Anatomical versus functional β‐cell mass in experimental diabetes

Abstract

The ability of pancreatic beta-cell mass to vary according to insulin requirements is an important component of optimal long-term control of glucose homeostasis. It is generally assumed that alteration of this property largely contributes to the impairment of insulin secretion in type 2 diabetes. However, data in humans are scarce and it is impossible to correlate beta-cell mass and function with the various stages of the disease. Thus, the importance of animal models is obvious. In rodents, increased beta-cell mass associated with an increase in the function of individual beta-cells contributes to the adaptation of the insulin response to insulin resistance in late pregnancy and in obesity.
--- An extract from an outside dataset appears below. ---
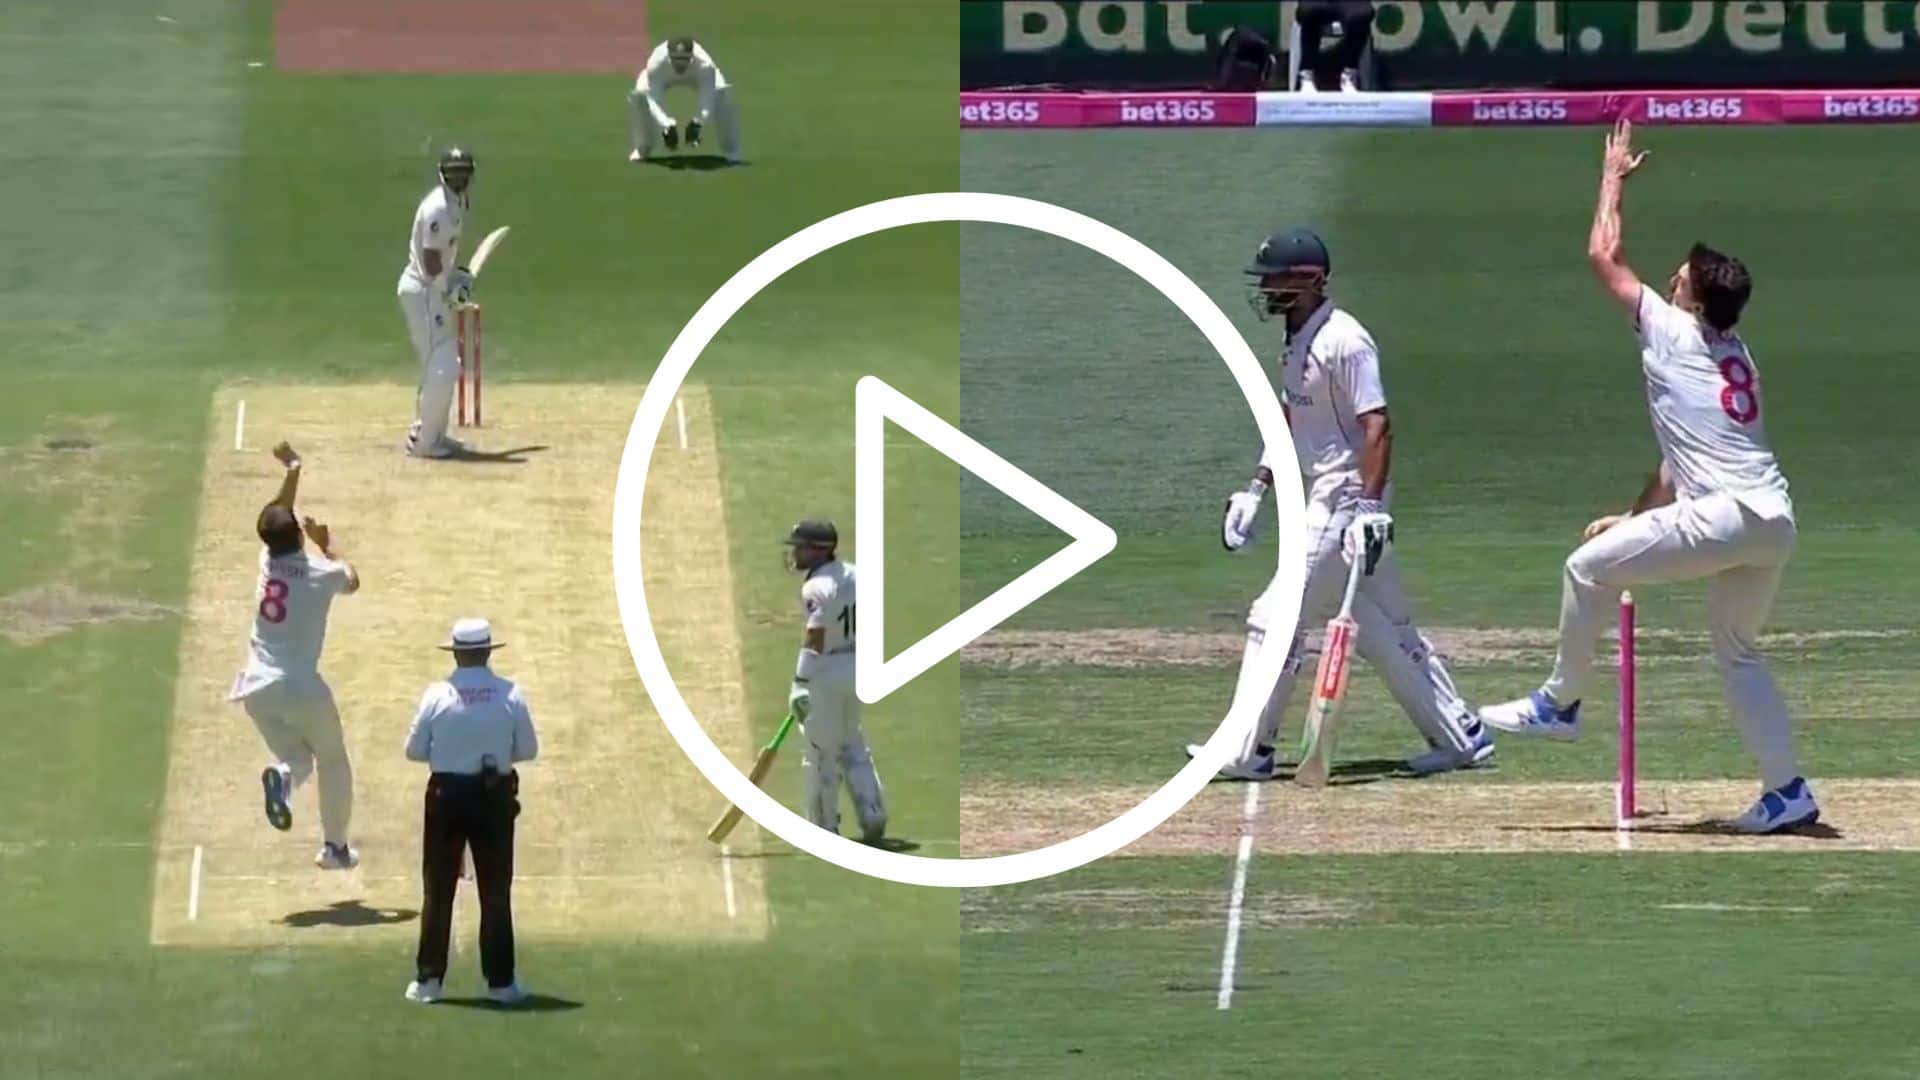 [Watch] Pakistan ‘Robbed’ In Australia As Replay Swaps Masood With Rizwan While No-Ball Check

A reduction in beta-cell mass always corresponds to an alteration in insulin secretory capacity of islet tissue (Zucker diabetic fatty and Goto-Kakisaki rats, db/db mice). During regenerative processes following experimental reduction of beta-cell mass [partial pancreatectomy, streptozocin (STZ) injection], beta-cell mass increase is not associated with a corresponding improvement of beta-cell function, thus indicating that regenerative beta-cells did not achieve functional maturity. The main lesson from experimental diabetes is therefore that beta-cell mass cannot always predict functional capacity of the beta-cell tissue and that the functional beta-cell mass rather than the anatomical beta-cell mass must be taken into account at all times.